(Alex Wong, Jiale Yang, Tao Qiu, Tianyu Luo)
Hey guys how's it going, David's bros here!
Note: You may need to change some settings on the physical monitor for the game to be in fullscreen
Project Mark:87.5%
Project Title: FloppyBox
Project Description: A game where the player attempts to maneuver a block through a series of obstacles by clicking on a key to adjust its height.
Video URL: https://youtu.be/ZfAoKyxEzmo
Code URL: https://github.com/RarePep8/CSCB58-Project
We are making a game similar to Flappy Bird, the mobile game. Players will control a square that will be moving towards countless vertical walls. Each wall will have an opening which allows the player to get through and touching the wall will lose the game. The player can only move up and down and it is constantly moving down if not being controlled.
What do you plan to have completed by the end of the first lab session?: We plan to finish getting the player to move as well as getting walls to generate and allowing them to move. If time allows, we will randomize the position of the wall opening by using an internal clock combined with user input
What do you plan to have completed by the end of the second lab session?: We plan on implementing interactions between the player and the walls like having the player die when it touches a wall. We also plan on getting a scoreboard feature for this.
What do you plan to have completed by the end of the third lab session?: We plan on fixing any glitches and bugs that might exist within the game. If we’re done that, we can create other features such as changing the horizontal speeds of the moving walls or letting the wall openings move up and down so the game gets harder.
What is your backup plan if things don’t work out as planned? If we can’t get the first stage done, we’ll switch to a Guitar Hero-like game where you press keys in tune to blocks falling down and hitting a horizontal line. We can leave out some extra features such as modifying speed or wall openings.
What hardware will you need beyond the DE2 board (be sure to e-mail Brian if it’s anything beyond the basics to make sure there’s enough to go around) A monitor like the one used in lab 6
How does this project relate to the material covered in CSCB58?: This game has objects that move around over set intervals.

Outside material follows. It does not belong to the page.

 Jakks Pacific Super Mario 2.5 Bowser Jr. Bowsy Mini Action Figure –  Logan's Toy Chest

We will use counters and decoders to simulate movement by selecting certain pixels to turn on and off certain colours across the screen. Furthermore, a FSM will be implemented to help organize the different game states. We will also use ALU registers to select between addition and multiplication modules when calculating scores, and memory will be required to stored the scores. Ultimately, we will connect these modules using a controller to configure the state properly, which allows the game to be replayed indefinitely.

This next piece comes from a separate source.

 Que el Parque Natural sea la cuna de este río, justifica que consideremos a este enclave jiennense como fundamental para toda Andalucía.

Why is this project interesting/cool (for CSCB58 students, and for non CSCB58 students?): It takes a game we are all familiar with and breaks it down into basic components that we can build from scratch. It is interesting for CSCB58 and non-CSCB58 students to see how simple bit operations involving two digits can be built and modified in such a way to create a complex entertaining game. It is interesting seeing how advanced games can be made through complex and vast arrangements of atoms.
Why did you personally choose this project?: This project is challenging and requires us to use all of our knowledge we’ve learned so far in this course. Not only that, it requires us to further research and try out many different things to accomplish this task. Also, our group members are all interested in games and this project will provide us an experience of building a game from scratch.

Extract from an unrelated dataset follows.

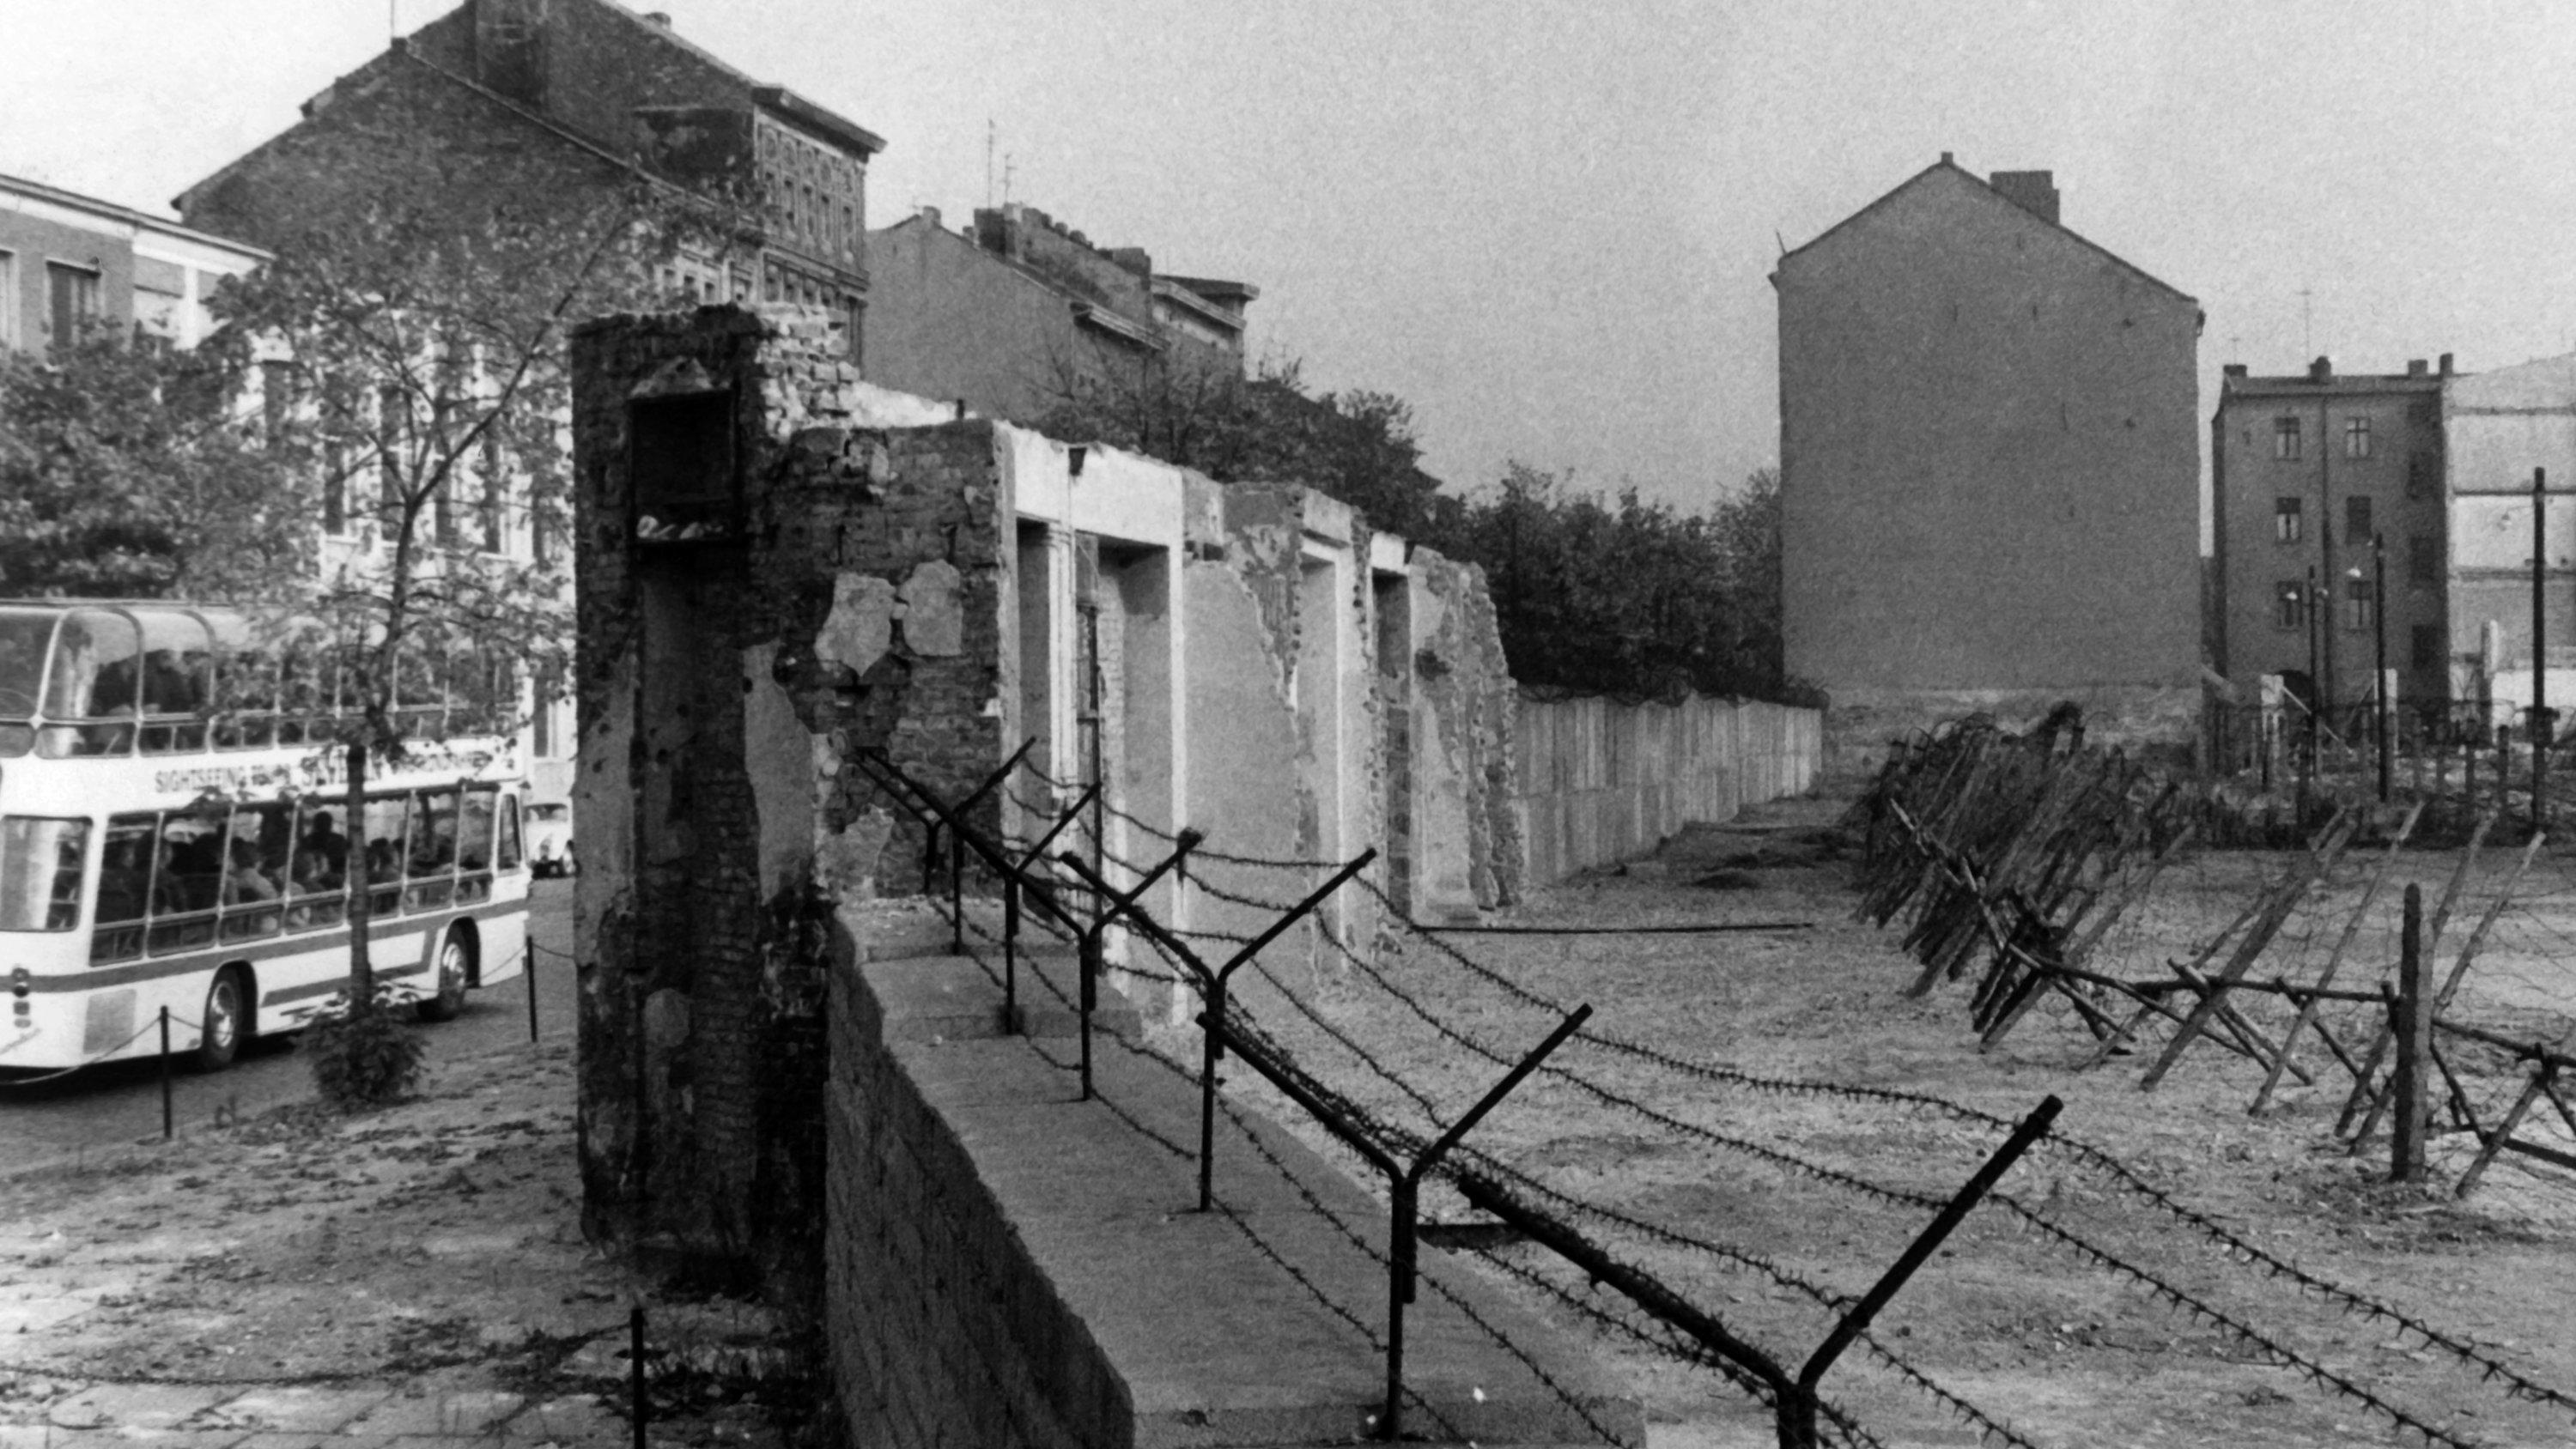 ARCHIV - Blick auf die Berliner Mauer mit Sperranlagen und Todesstreifen am 22.10.1965 in der Bernauer Straße in Berlin-Wedding. Gut zu erkennen sind auch noch die Reste der Häuser die nach und nach für den Mauerbau abgerissen wurden. Jahrestage des

Brian Harrington’s starter code for CSCB58 labs
Week 1: We adjusted the verilog code for lab6(vga) in order to display pixels through a register which stores X and Y coordinate instead of manually loading it like in lab6 (vga lab). This means we also created a register that acts as an object representing the character that the player is controlling, inside the register we store the X and Y coordinate as well as the state of the character (Flying, or Falling), at this point we used up the remaining time to test if the monitor can actually display the pixel(character), our plan next week is to start implementing the Flying and Falling states of the character
Week 2: We implemented the flying and falling state of the character, but we can’t tell if it works properly since the drawing module has issues drawing with changing x and y values. We also created and tested the pipe register which holds the x and y value of a pipe, suprisingly the drawing module works properly for the pipes. We started adding the erase states for the drawing module to erase it’s current frame before drawing the next, but we ran into timing issues where the pipe moves asynchronous to the speed of frames being drawn. Our plan next week is to change the pipe to move only after the drawing modules finishes drawing each frame. We also hope to rework our character module.
Week 3: Due to the short amount of time remaining, we decided to simplify some features of the game. For example, the character flies at a constant speed when the player holds the button instead of flying with gravity when the player taps the button. We also scrapped the scoreboard feature since the main component of the game still needs work. During our time in the lab, we successfully debugged the problems with the painter module, which let us draw as if the character and the pipes are moving. We then added a collision detection module along with reset signals for the character and pipe registers. Overall, we made a lot of progress thanks to the extra lab time.
Week 4: During this week , we finished working on the score counter which increases by 1 every second that the player is still alive, and it resets when the player starts the game again. After the game was finished, we cleaned up the verilog files and deleted any unused modules.